In the freewheeling 1890s, the court concluded in Field v. Clark that a bill signed into law is the law, despite any apparent discrepancies in the Congressional record:

Better, far better, that a provision should occasionally find its way into the statute through mistake, or even fraud, than that every act, state and national, should, at any and all times, be liable to be put in issue and impeached by the journals, loose papers of the legislature, and parol evidence. Such a state of uncertainty in the statute of laws of the land would lead to mischiefs absolutely intolerable...

Davis notes that since the Field decision, the court has grown more wary of official corruption, as reflected in McConnell v. FEC. This could mean the court would consider overturning Field in a case currently being considered for review, Public Citizen v. Clerk. It that decision did overturn Field, the entire 2005 highway bill could be found unconstitutional. That outcome seems unlikely and would certainly take a long time to reach.

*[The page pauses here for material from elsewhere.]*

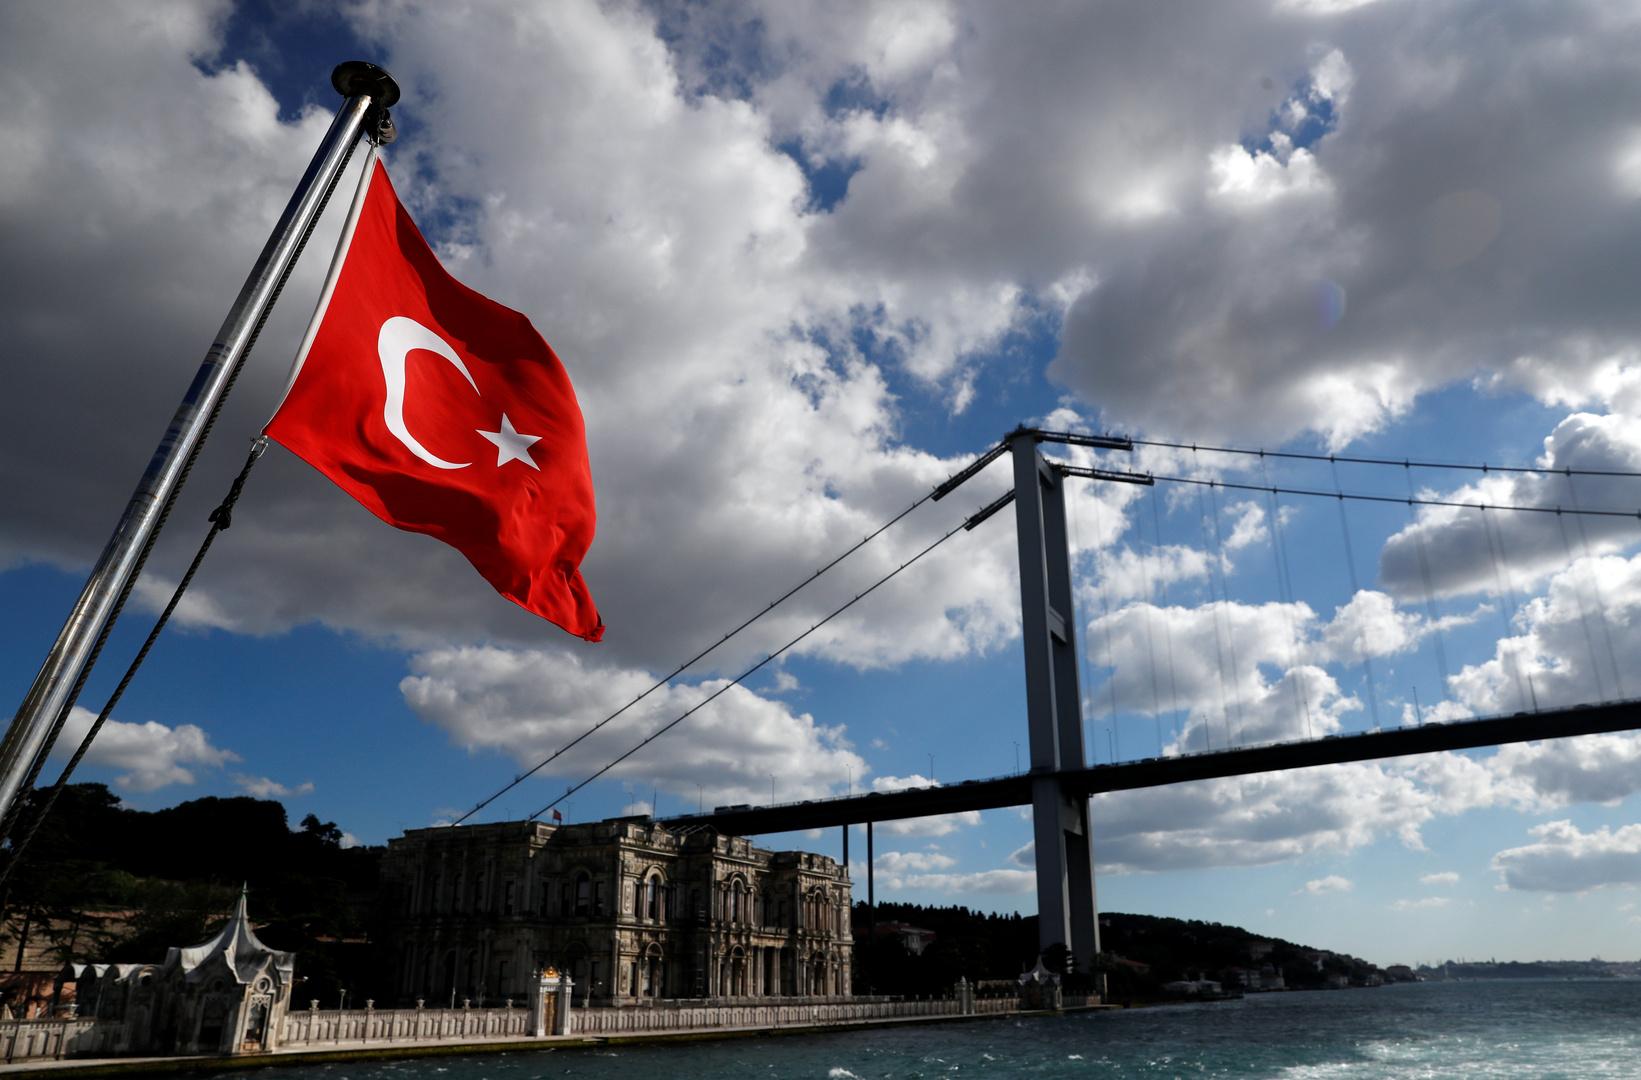 أنقرة تعلن توقيف محتال دولي في البرازيل

In the meantime, Republicans on the House Transportation Committee have signaled that they may allow the Florida county involved to keep the money for the purpose originally described, though they do not have a concrete plan of how that would happen.


Comments (3)

RaindeerDawg wrote on September 9, 2007 2:38 AM:

November 2008 can not come soon enough. Donny is going to be ousted. You can get away with some pretty slimey stuff in this state, but Alaskans are coming together and organizing to get this man out of office. Hold tight America, we're working on it.

AlaskaVet wrote on September 10, 2007 12:04 AM:

Yes, DY is history. He will either: a) resign; b) decline to run for re-election; or, c) run and get beaten badly by Jake Metcalfe. The distinct possibility of indictment and trial for his illegal and unethical abuse of power will instruct which of these options occur. Meanwhile, the only remaining mystery is whether he will do hard time.

Richard M. Mathews wrote on September 11, 2007 6:07 PM:

The application of the Field decision is not appropriate here.

In Field, it was argued that because one provision was left out of the final bill, the entire act must be nullified. In particular, plaintiffs hoped that because a provision related to tobacco was left out, a tax on textiles should be invalidated. This argument was quite reasonably rejected by the Court.

I have not heard anyone argue that because this one appropriation was changed by Rep. Young following passage of the bill that the entire bill must be thrown out. There is no doubt that the remainder of the appropriations bill is valid.

If the question is more narrowly put as to which version of this particular provision should be put into effect, then the Field decision gives no answer.